Entre a representação do árabe no
livro a Divina Comédia (de 1555) de Dante Alighieri e o Estado
de Israel há séculos de interesse europeu contínuo em produzir conhecimento
sobre um ser, uma espécie, que foi caracterizado como portador de uma diferença
inferiorizada em relação ao europeu. E quando eu digo “produzir conhecimento”,
não estou referindo-me a operações mentais neutras. A produção do conhecimento
aqui deve ser entendida como a produção do ser árabe e não sua descrição.

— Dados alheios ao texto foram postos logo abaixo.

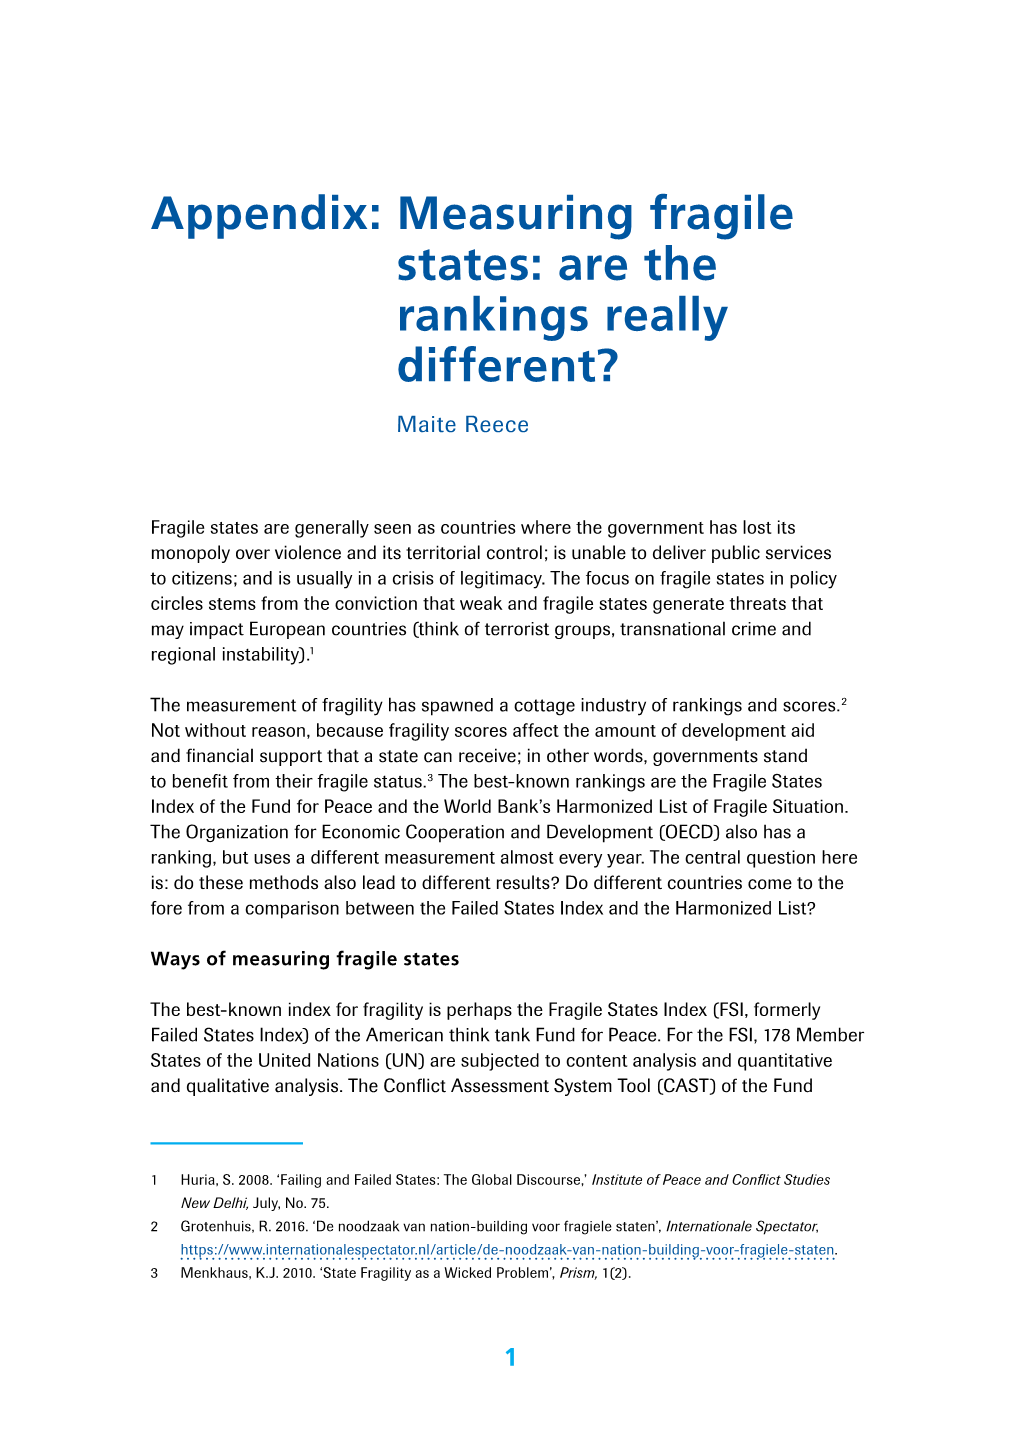 Appendix: Measuring Fragile States: Are the Rankings Really Different?

Nestas operações mentais realizadas por estudiosos, escritores, pintores e
diretores de cinema, a única coisa que não interessava era saber como o próprio
árabe se representava.
Quando Dante escreveu a Divina
Comédia o inimigo a ser combatido era a figura que ameaçava o sistema
eterno e universal de valores cristãos: o profeta Maomé. Conforme apontou Said:
“(…) Antes de chegar a Maomé,
Dante passa por círculos que contêm pessoas cujos pecados são de ordem menor:
os lascivos, os avarentos, os glutões, os hereges, os coléricos, os suicidas,
os blasfemos. Depois de Maomé existem apenas os falsificadores e os traidores
(que incluem Judas, Brutus e Cassius) antes de se chegar ao próprio fundo do
inferno, que é onde se deve encontrar o próprio Satã” (p.111, O
Orientalismo).
O Islã e o Profeta Maomé são
identificados como figuras ameaçadoras, que provocam pânico. Qual seria a
figura na contemporaneidade que reatualiza estas sensações? O terrorista.

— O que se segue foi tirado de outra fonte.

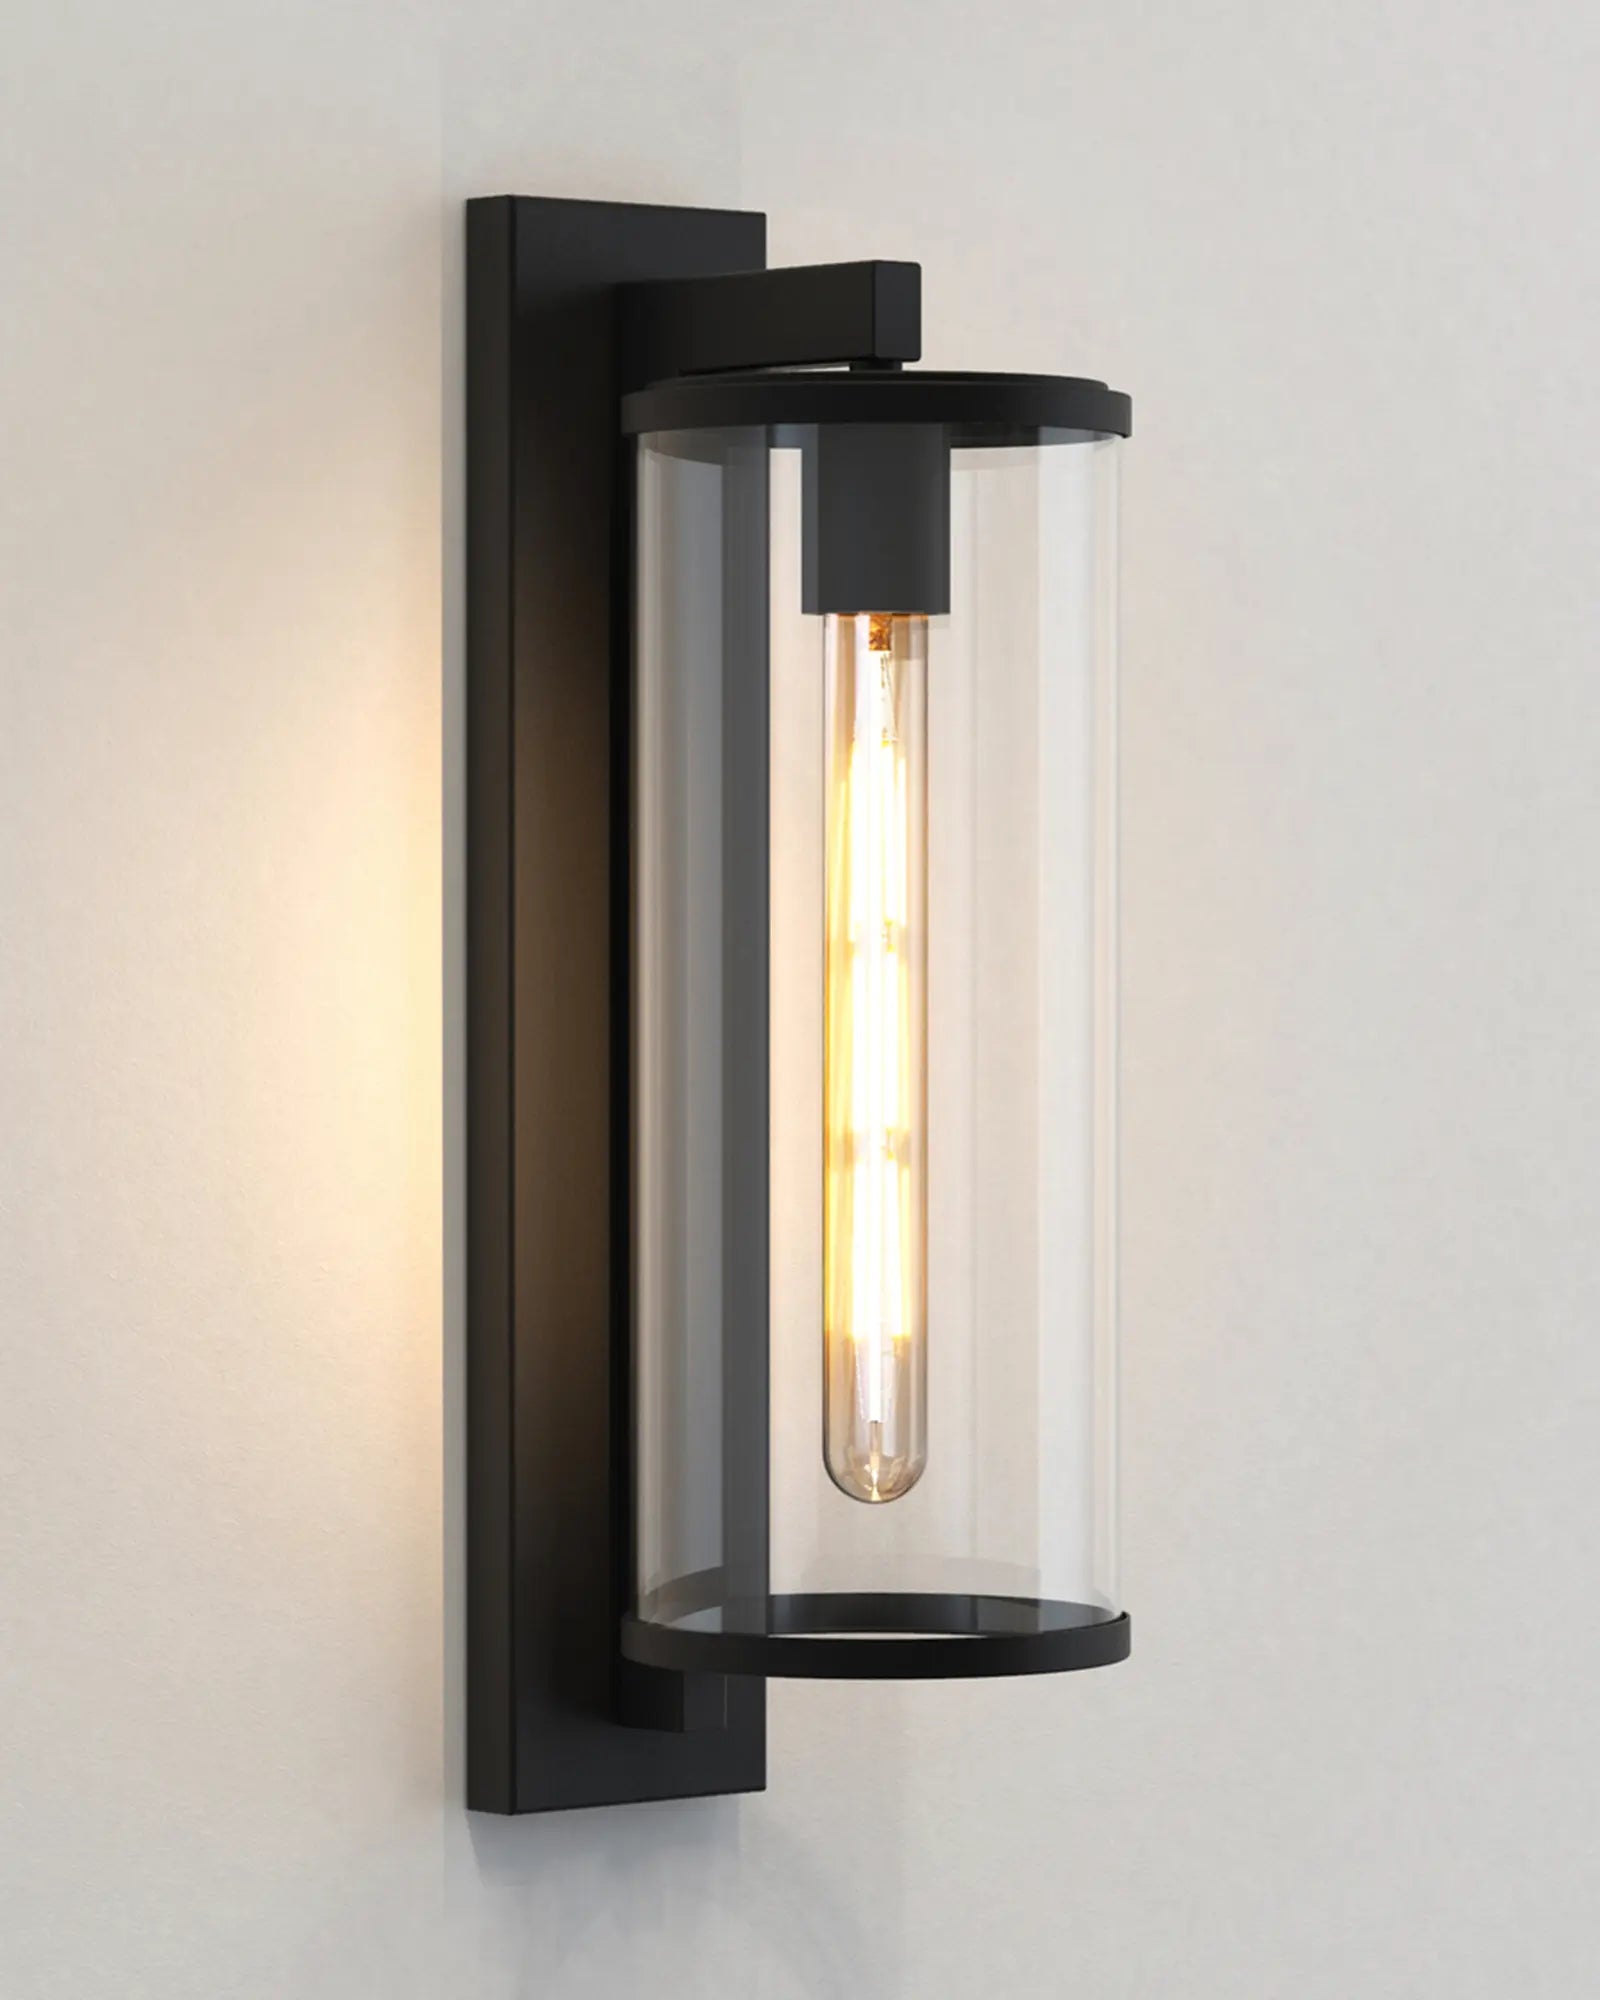 Pimlico Outdoor lantern style metal and glass wall light black 500

Muçulmano/terrorista/árabe são termos que se tornaram intercambiáveis. E Israel
é um dos lócus de produção incessante desta intercambialidade. Então,
quando o turista brasileiro se vê constrangido pelas idas e vindas impostas
pelos dispositivos no checkpoint e diz que entende que a segurança é
importante, valeria perguntar: importante para quem? Por que? Possivelmente a
resposta seria: para proteger Israel contra os terroristas.
O massacre físico do povo
palestino se sustenta na sua eliminação simbólica. Armas, imagens e palavras
são dispositivos bélicos, cada um com sua especificidade, mas todos articulados
em torno de um objetivo estratégico: o povo palestino deve desaparecer. É da
imaterialidade das palavras e imagens que Israel estrutura a legitimação da
violência. Em que consiste esta violência simbólica? Há dois eixos discursivos
conectados: o não reconhecimento da existência de um povo que habitava as
terras que serviriam para o território-cemitério de Israel (“cemitério” porque
em cada pedaço de metro quadrado construído por Israel há uma história
assassinada, memórias negadas, corpos palestinos enterrados). Por outro, a
ressignificação do “árabe” como ser genérico, sem rosto, sem singularidade.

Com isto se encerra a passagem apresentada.